Yo, señor, pertenezco a la generación que vio llegar la televisión a los hogares en plena infancia. Como en muchas otras familias, era mi otro abuelo, el que vivía en Vigo y Dios haya acogido en su seno, el primero en tener un aparato PYE que reunía a padres, tías, sobrinos, primas, nietos y demás familia cuando el tiempo no lo impedía y la autoridad lo permitía. El primer recuerdo que tengo es la visión de un hombre con tres brazos (posiblemente procedente de otro planeta) manejando con soltura una botella, un vaso y un cigarrillo a la vez. Lejos de asombrarse, el camarero se levantaba el gorrito y descubría un tercer ojo en el centro de su frente. Era, evidentemente, un episodio clásico de Los límites de la realidad que jamás he vuelto a ver y que a lo mejor he distorsionado con el paso del tiempo —cosa que me tiene sin cuidado, por otra parte. Aquello fue sólo el principio. Más tarde mis padres compraron su propio PYE, con la consiguiente desintegración de la familia reunida alrededor del patriarca. A partir de ese momento llegó la avalancha. Con la salvedad del horario (“¡Niño, a la cama que es tarde!”) pude ver las series que los programadores de TVE consideraban aptas para los españoles: El túnel del tiempo, Bonanza, Los Invasores, Viaje al fondo del mar, Guardianes del espacio, El Capitán Escarlata (estas dos últimas de marionetas pero maravillosas), Embrujada, Superagente 86, Los vengadores o Jim West desfilaron por aquella pantalla convexa que a veces fallaba en la recepción como una escopeta de feria porque el poste de repetición del monte Jaján, enfrente de la ría, se estropeaba en el momento más inoportuno. Otras series se me quedaron en el tintero, probablemente por culpa de ese maldito horario nocturno. Tenía compañeros de clase con padres más permisivos y que hablaban de El fugitivo, Los intocables o Misión imposible. Claro que ojos que no ven, corazón que no siente y, por lo que contaban, el caso no era tan grave como lo de Batman. Además había un niño menos afortunado que yo al que sus padres no le compraban la tele porque era mala para sus estudios (tenían razón: ahora el angelito es neurocirujano en Seattle).

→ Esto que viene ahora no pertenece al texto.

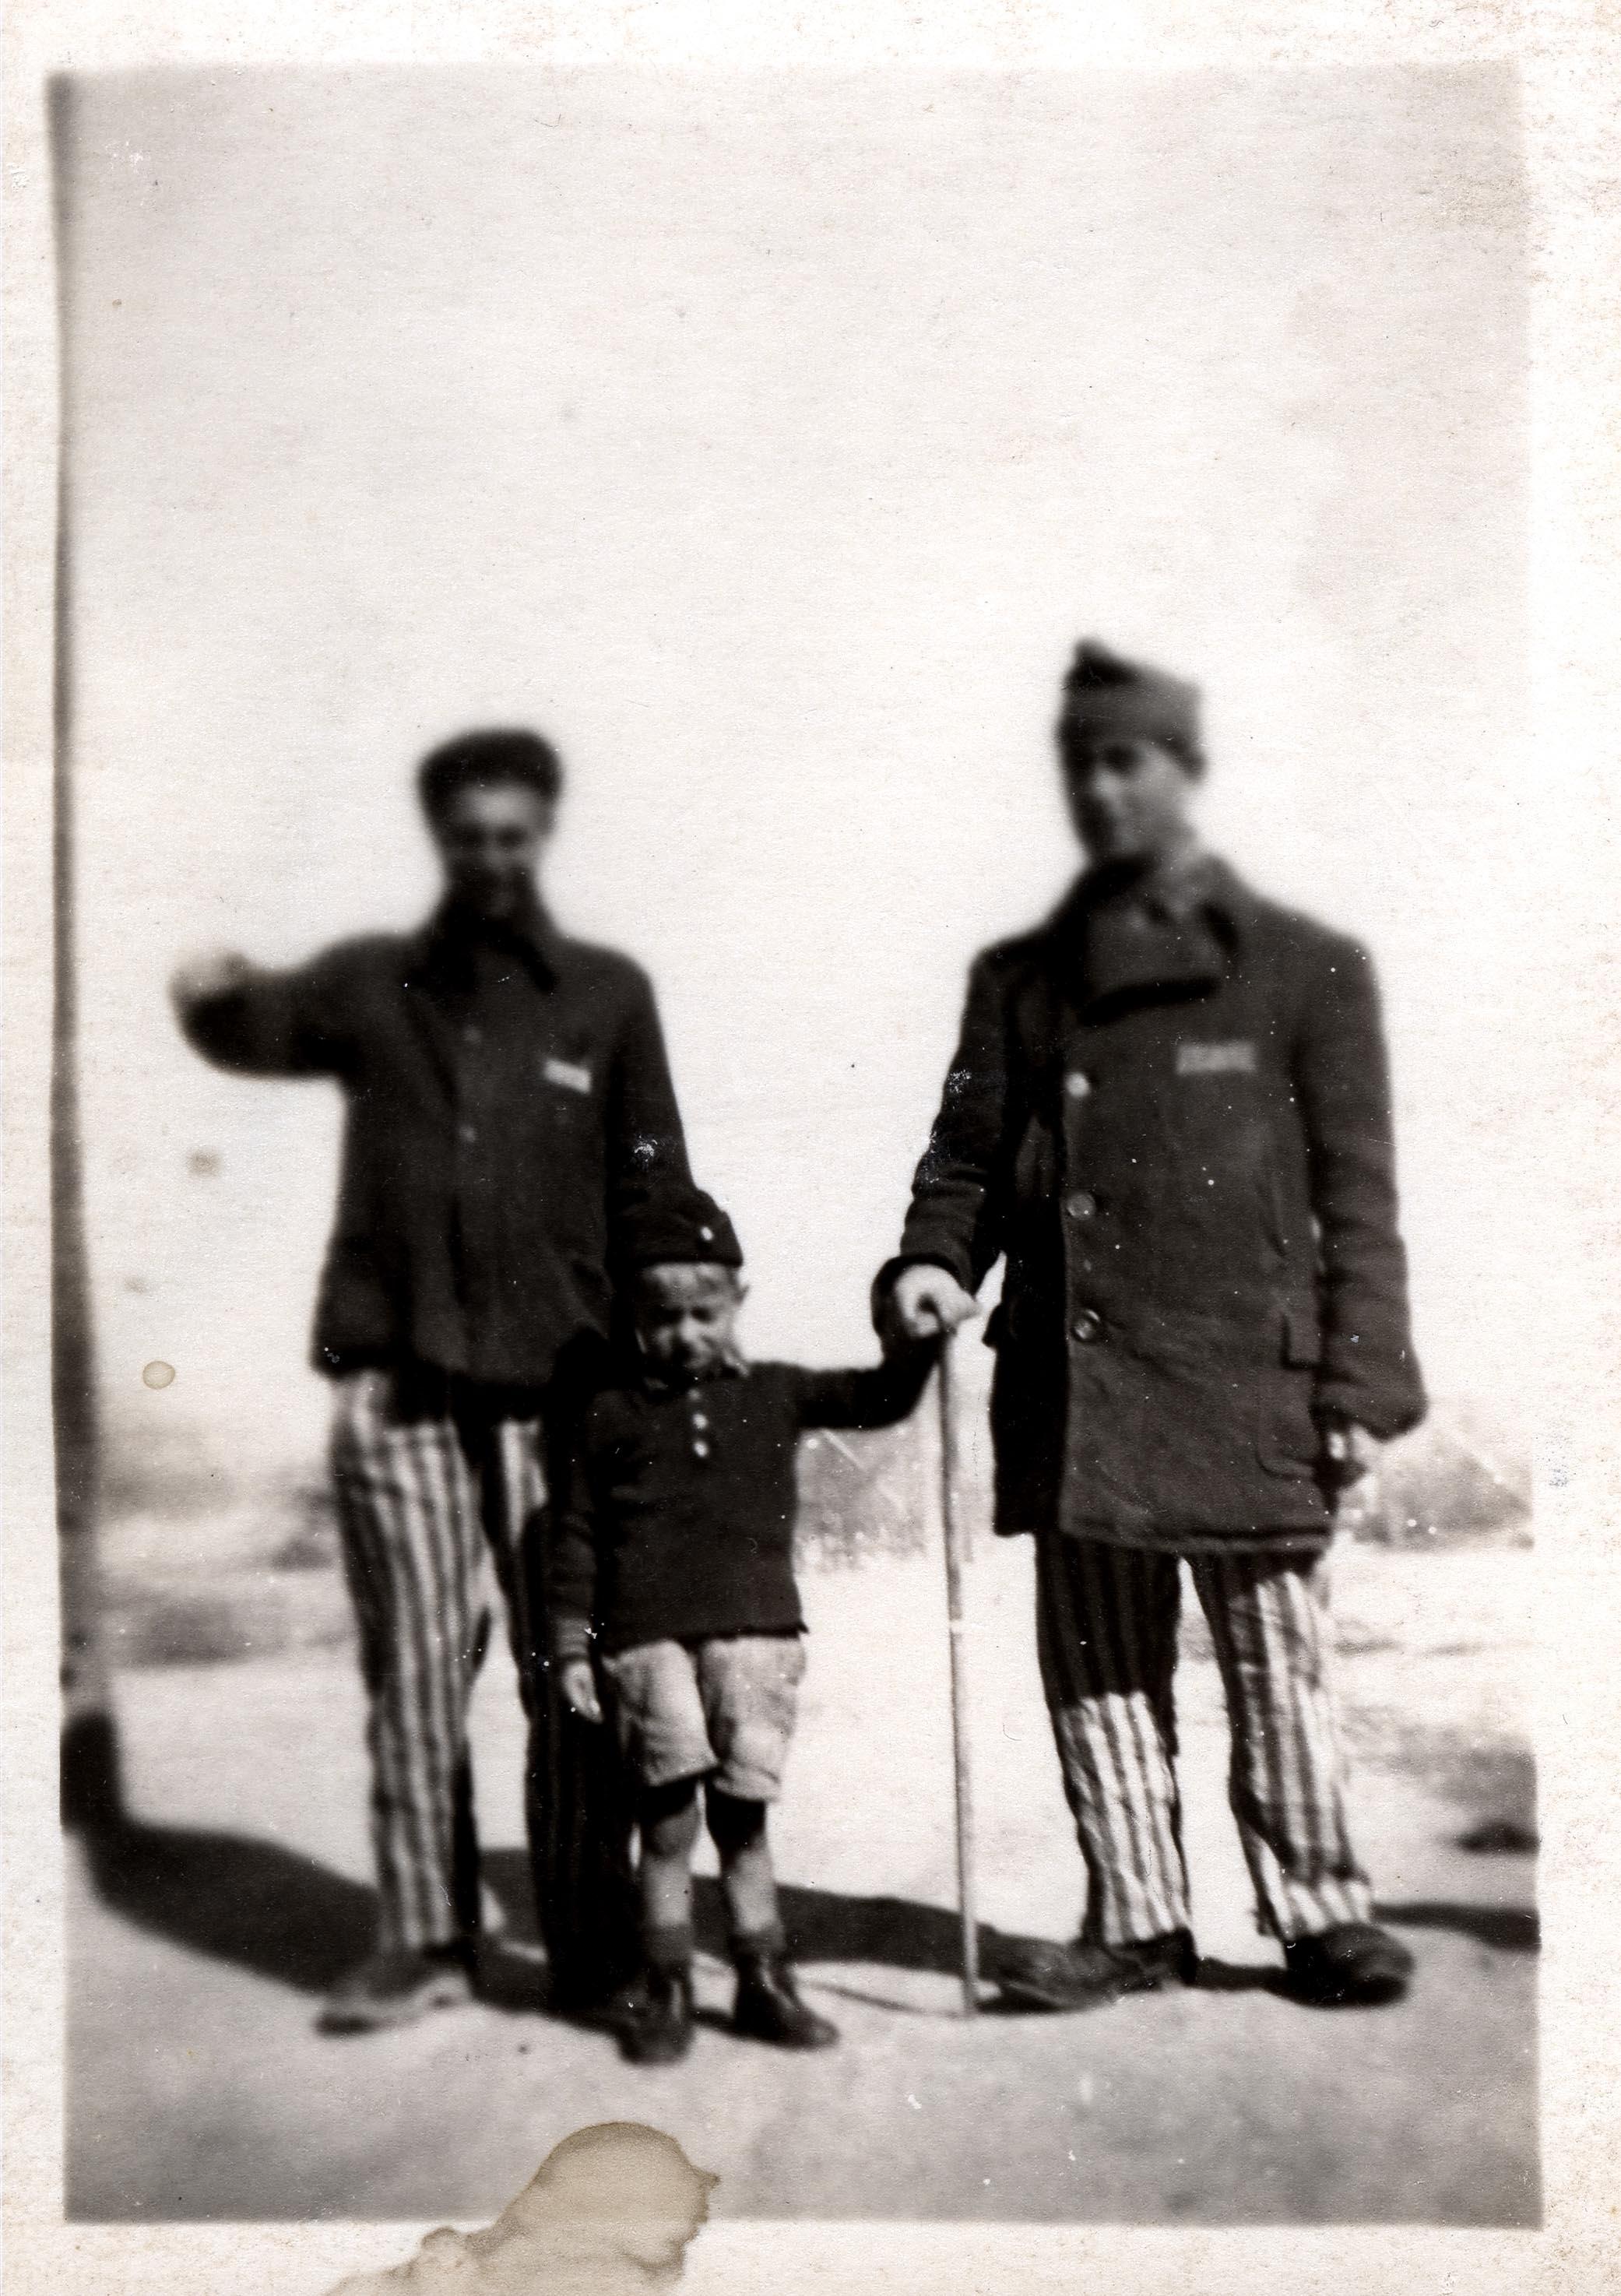 Buchenwald image 01, side 1

Empezaron a pasar los años (¡cada vez más rápido!) y fueron apareciendo cosas como Columbo, Kojak, McMillan y señora, Las calles de San Francisco, Starsky y Hutch o Cannon. ¡Todos eran policías o similares! ¿Era acaso el amanecer del estado policial global que vivimos ahora? El realismo de los setenta enterraba los delirios de los sesenta. Además le empezamos a ver las orejas al lobo: La casa de la pradera, Vacaciones en el mar o Los Ángeles de Charlie. Ya se mascaba el principio del fin. Y pueden ustedes poner sobre la mesa todas las excepciones que confirmen la regla —Taxi, Hill Street Blues, Cheers o Miami Vice (¡en la que llegó a salir Frank Zappa!)— pero la llegada de los ochenta fue terrible. Dos megahits, Dallas y Dinastía, fueron culpables del culto al dinero que a finales de los ochenta llevó al ministro socialista Solchaga a afirmar que en España cualquiera podía hacerse rico y a Mario Conde a navegar con el rey. Una demostración más del poder infinito de las series de ficción...

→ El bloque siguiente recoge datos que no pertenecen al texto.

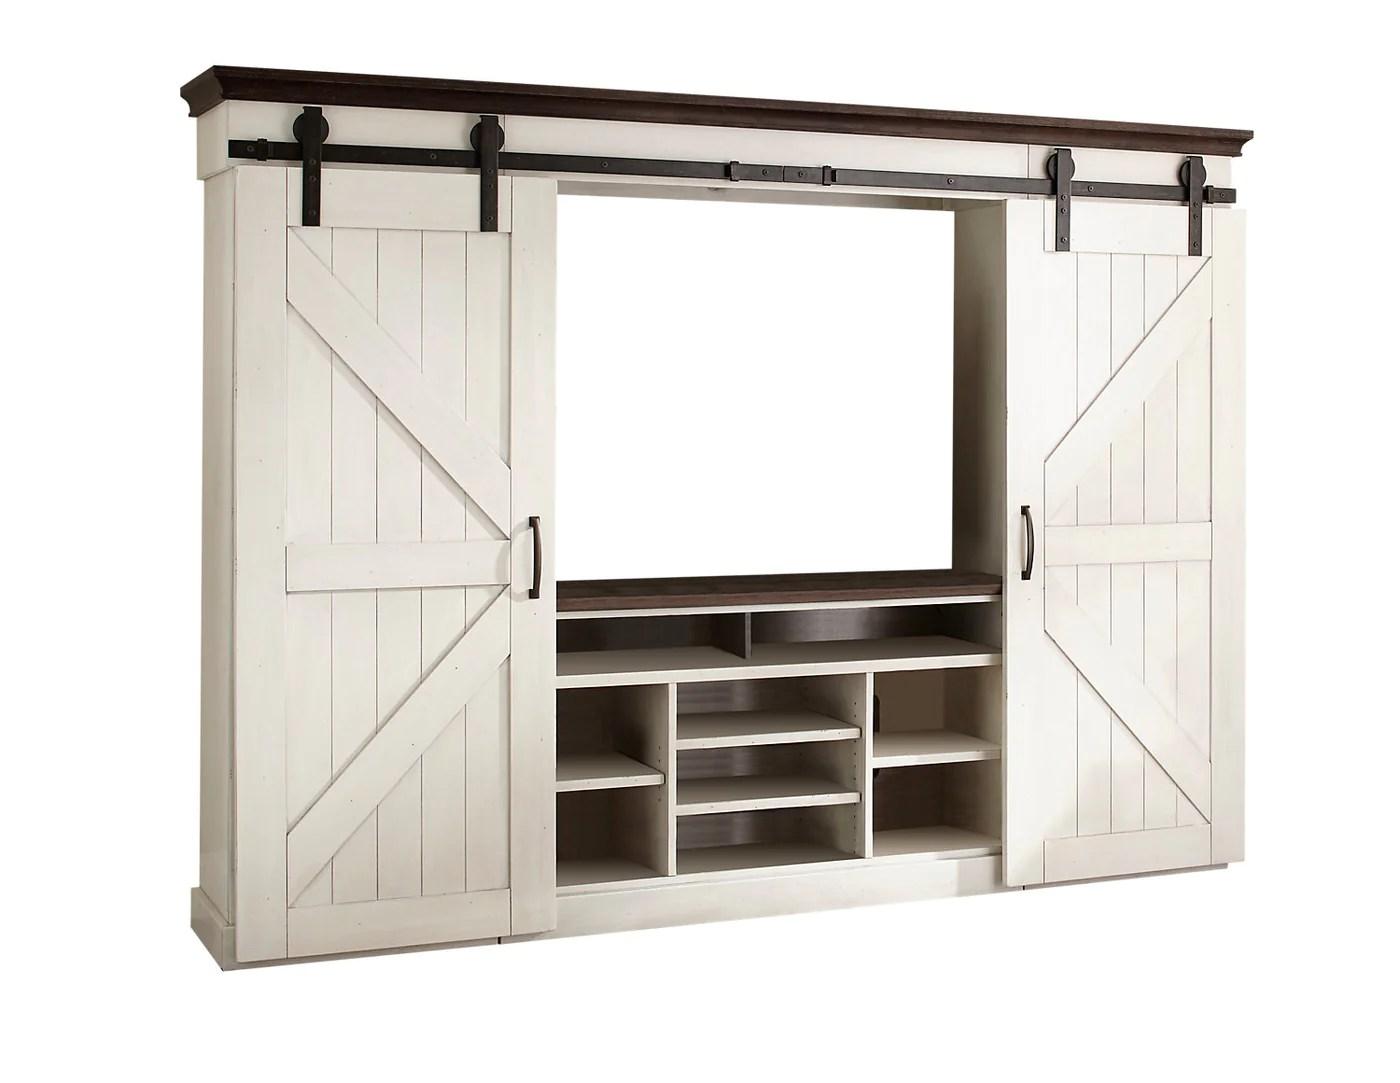 meuble audio video sydney 6 pieces avec portes de grange et ouverture pour televiseur de 55 po

El Dios de la Televisión no podía ser tan injusto con su rebaño: tenía que haber una tabla de salvación para tanto desastre y se nos apareció en forma de televisiones autonómicas que —aparte de la basura de la época— recuperaron, repusieron y estrenaron auténticas joyas. El tango miente: veinte años es mucho. Cuando ya habíamos dado por perdida una parte de nuestra infancia apareció... (¡tachán!): ¡BATMAN! El Home Morcego que había conquistado la Pampa llegaba a Galicia hablando gallego —y pillándonos con veintisiete en vez de siete años— para salvar en el último momento nuestras almas del caos y el aburrimiento. ¿Qué quieren que les diga? No hubo palabras... Y a partir de ese momento fue la Reposición, el equivalente a la Segunda Venida de Cristo para los católicos, la que salvó al género humano. Era un arma de doble filo, claro, porque los programadores aprendieron a torturarnos con la repetición ad nauseam de Verano azul, por poner sólo un ejemplo. Pero ya no podían engañarnos otra vez. Las citadas autonómicas, las privadas, los satélites, las ediciones en video: todo eso abrió un mundo de posibilidades. A veces eran novedades, como el oasis inglés de La Víbora Negra o The Young Ones; otras eran antiguas ambrosías caídas del cielo, como Los Vengadores o Columbo... Aprendimos a distinguir, entre la basura que nos tragábamos por rutina, aquellos diamantes ya escasos de los noventa como Twin Peaks o Expediente X. Compramos libros y discos que compartimos con esas almas gemelas que fuimos conociendo en la sufrida travesía de la vida, en el desierto de la Transición Española, ante el desprecio de la intelectualidad progre y la indiferencia analfabeta de la derecha, huyendo de Quintos Centenarios y Olimpiadas, aportando granitos de arena como si fuéramos unos snipers despistados en Hiroshima. Corregimos las desviaciones, distorsiones y desgastes del tiempo: “¡Caramba, Los Invasores no era para tanto...!” “¡Pues ni se te ocurra ver Los hombres de Harrelson...!” “¡Emma Peel: un icono, una diosa, la cosa más sexy del mundo...!” “¡A ver si alguien compra los derechos de Jim West...!” “Bueno, te dejo, que a las tres ponen Columbo...”. Nos gastamos auténticas fortunas en camisetas, muñequitos, chapas y posters desequilibrando nuestros presupuestos pero dando paz a nuestras almas...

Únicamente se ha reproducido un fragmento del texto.